Information supplied below:

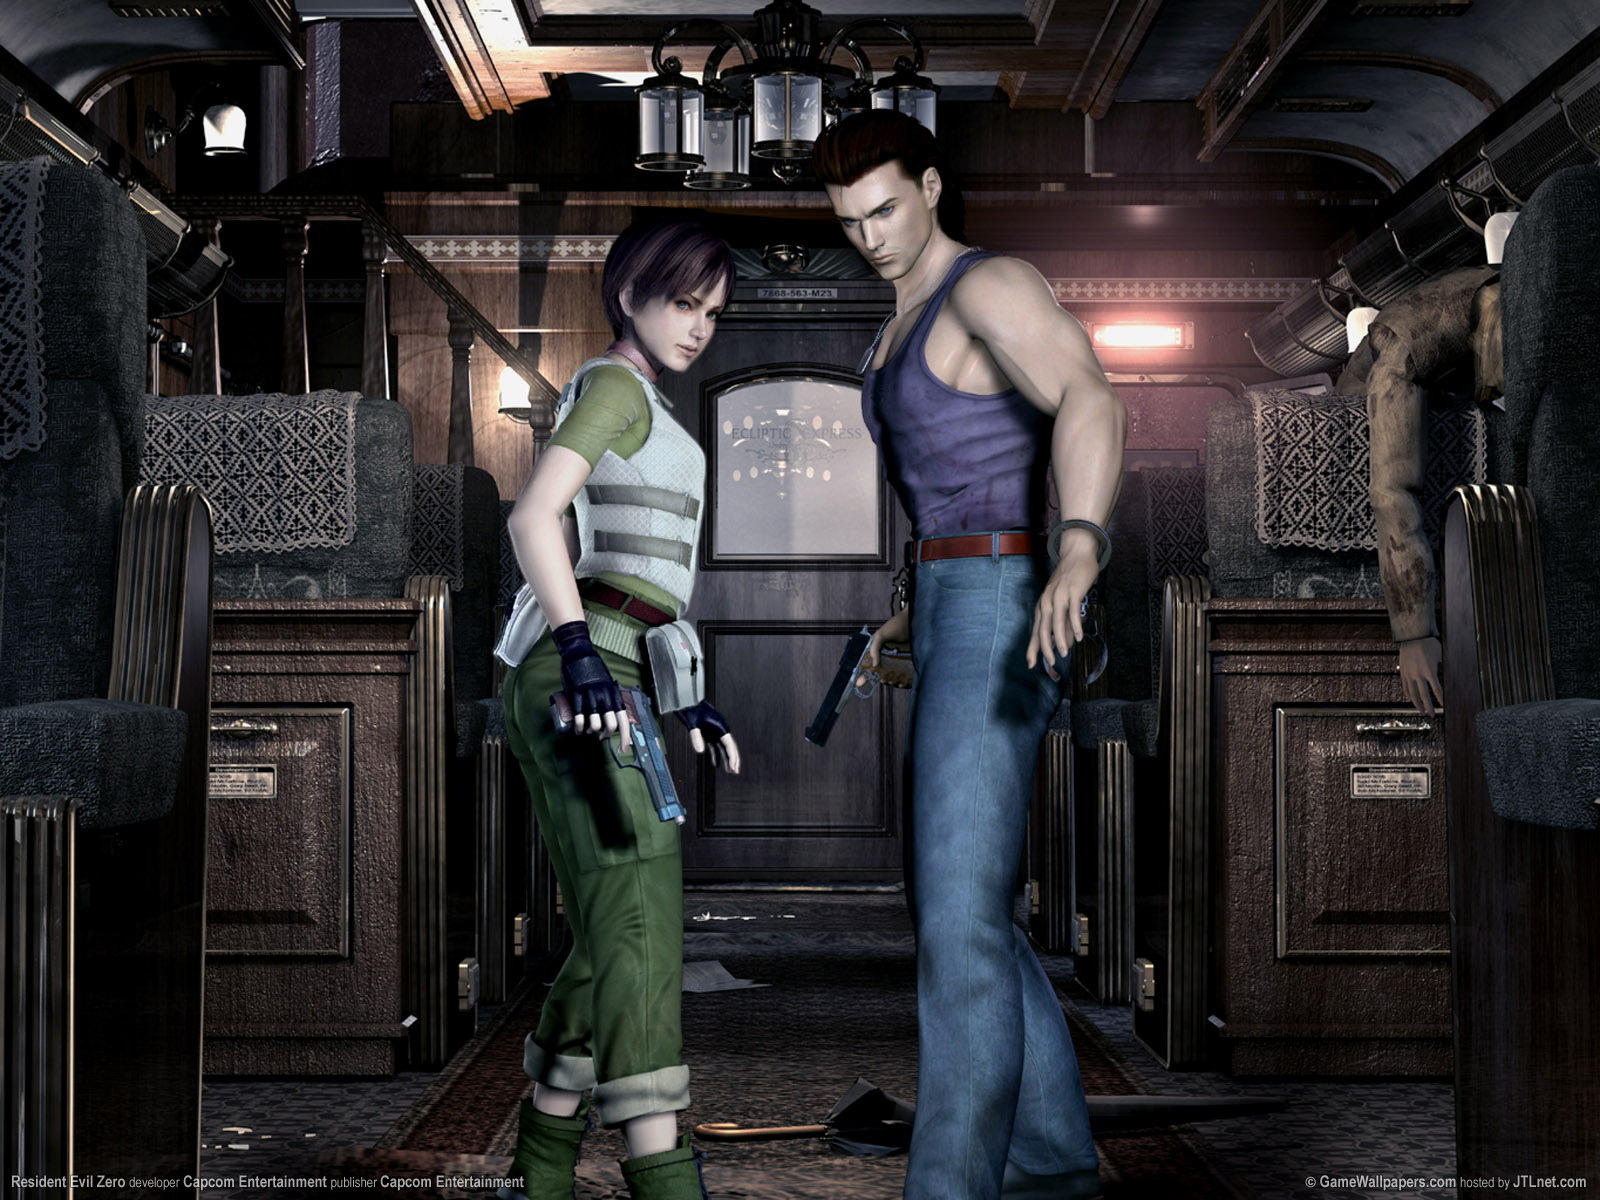 Resident Evil Zero Fondos De Pantalla Fotos
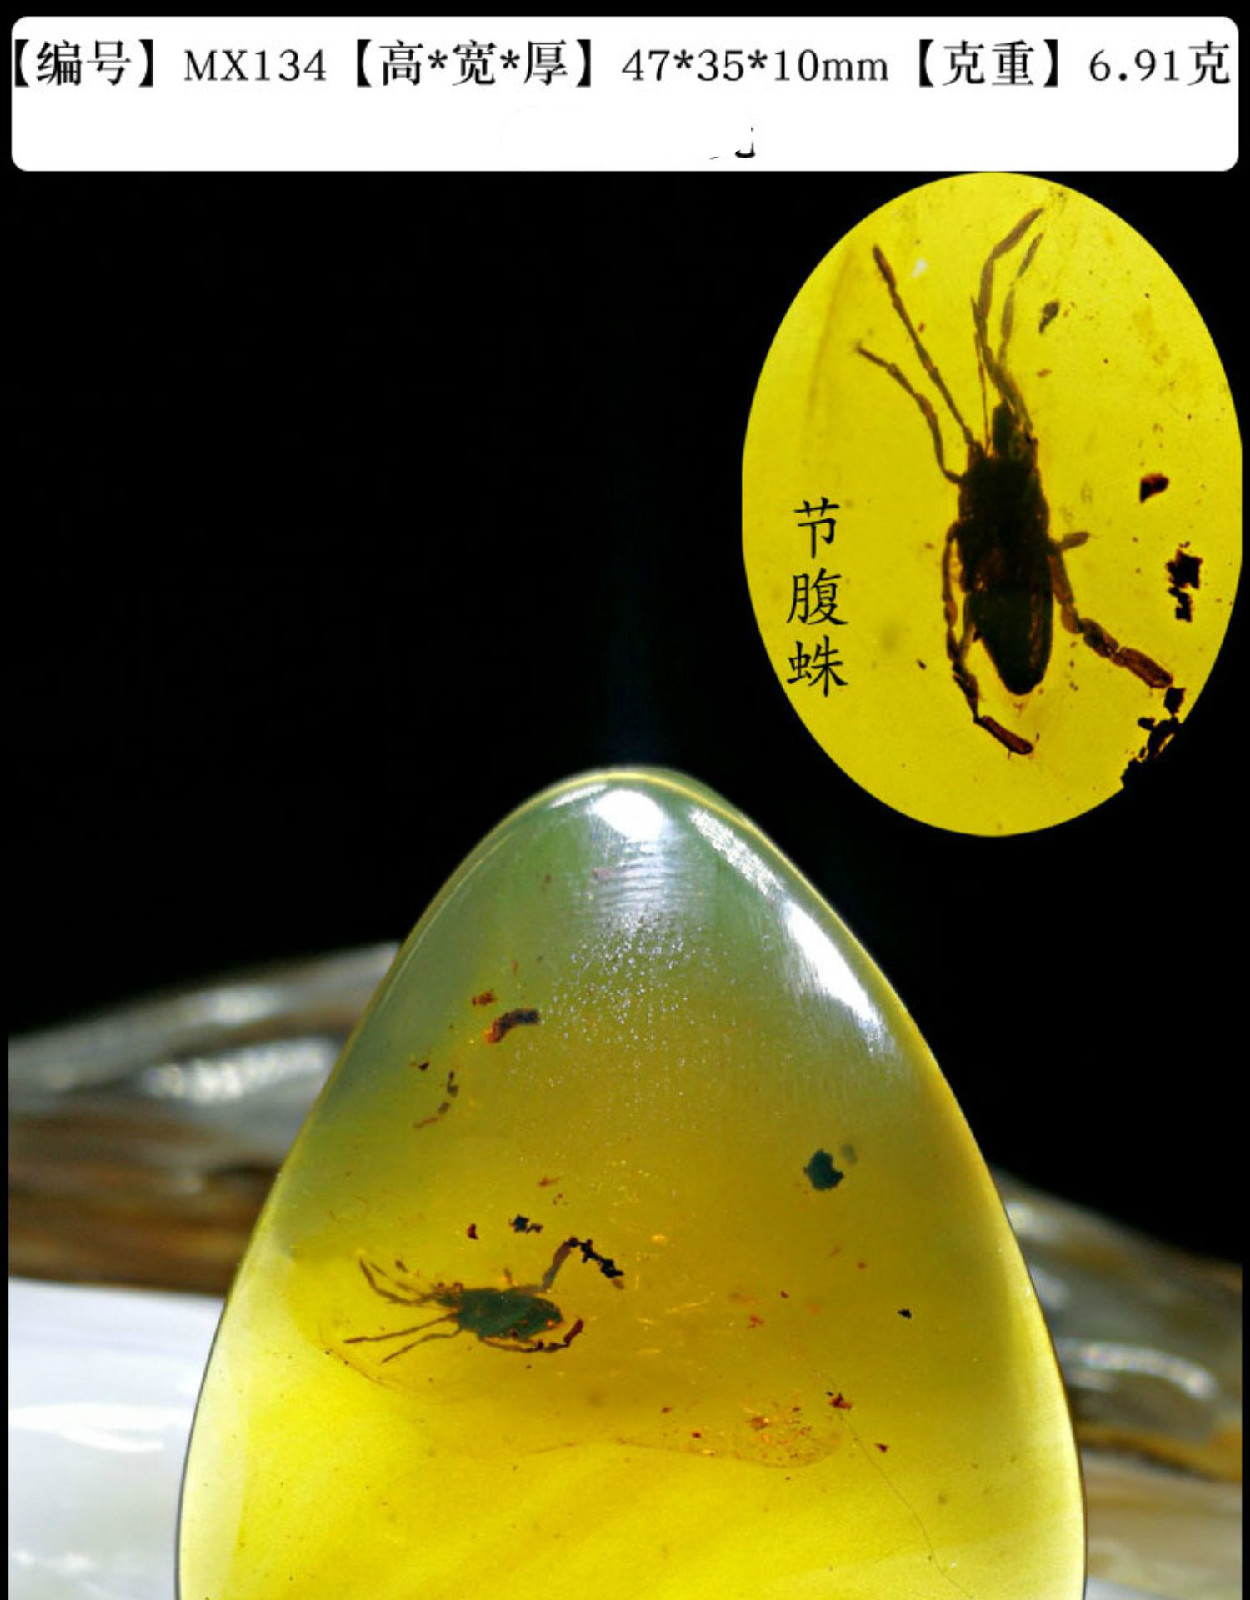 虫珀琥珀吊坠虫珀蜘蛛活水胆植物昆虫动物琥珀化石蛋面水滴sn0684mx
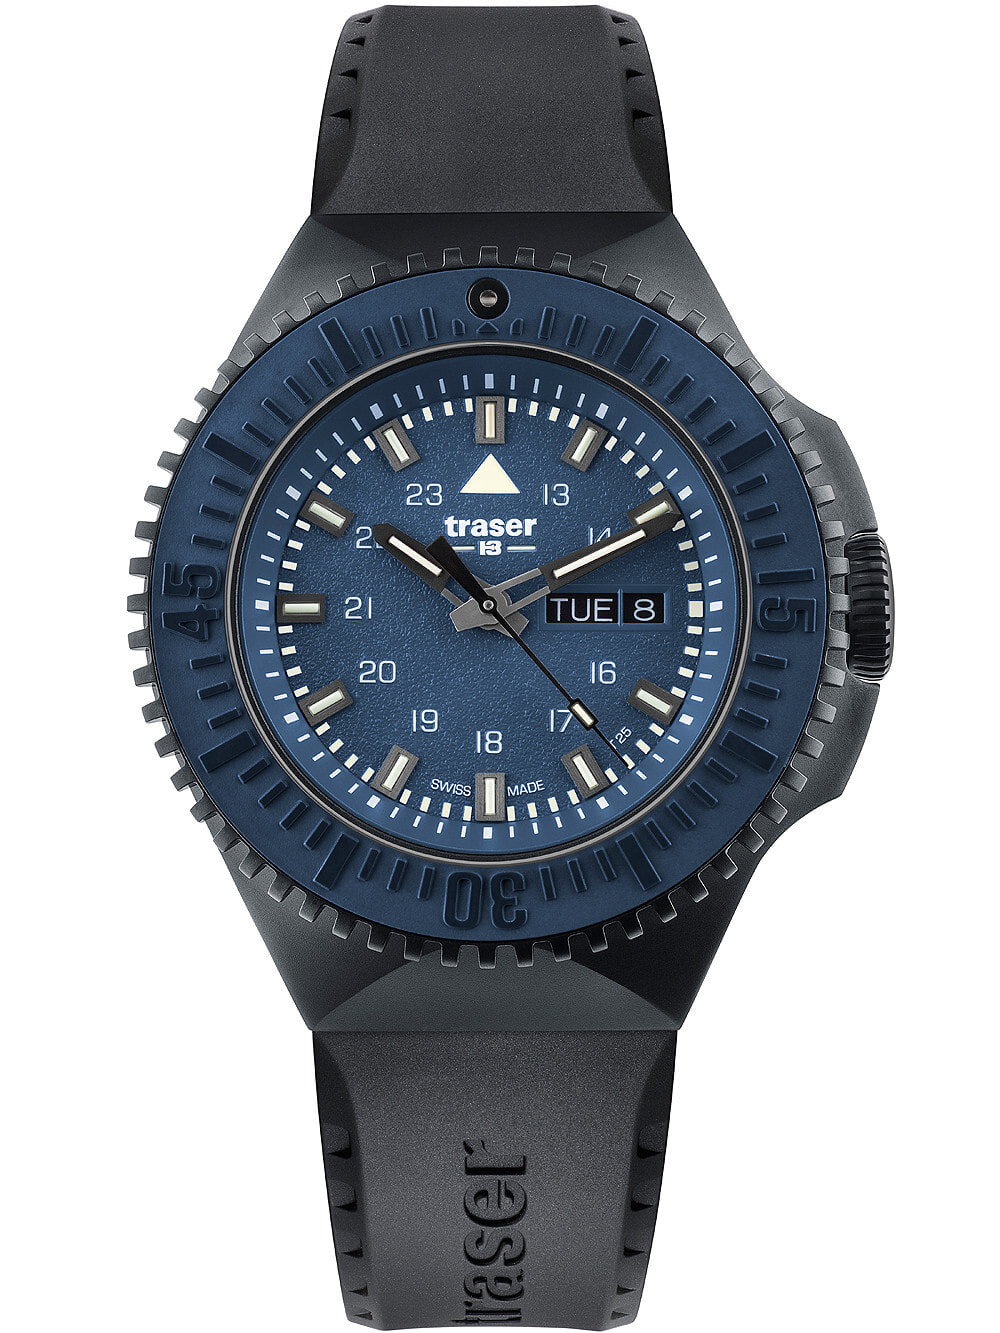 Мужские наручные часы с черным силиконовым ремешком  Traser H3 109857 P69 Black-Stealth Blue 46mm 20ATM

End of Information supplied.

The reply should consist of the listing restated word for word, with its pictures removed.

- **Expected answer**:
 Resident Evil Zero Fondos De Pantalla Fotos
 虫珀琥珀吊坠虫珀蜘蛛活水胆植物昆虫动物琥珀化石蛋面水滴sn0684mx
 Мужские наручные часы с черным силиконовым ремешком  Traser H3 109857 P69 Black-Stealth Blue 46mm 20ATM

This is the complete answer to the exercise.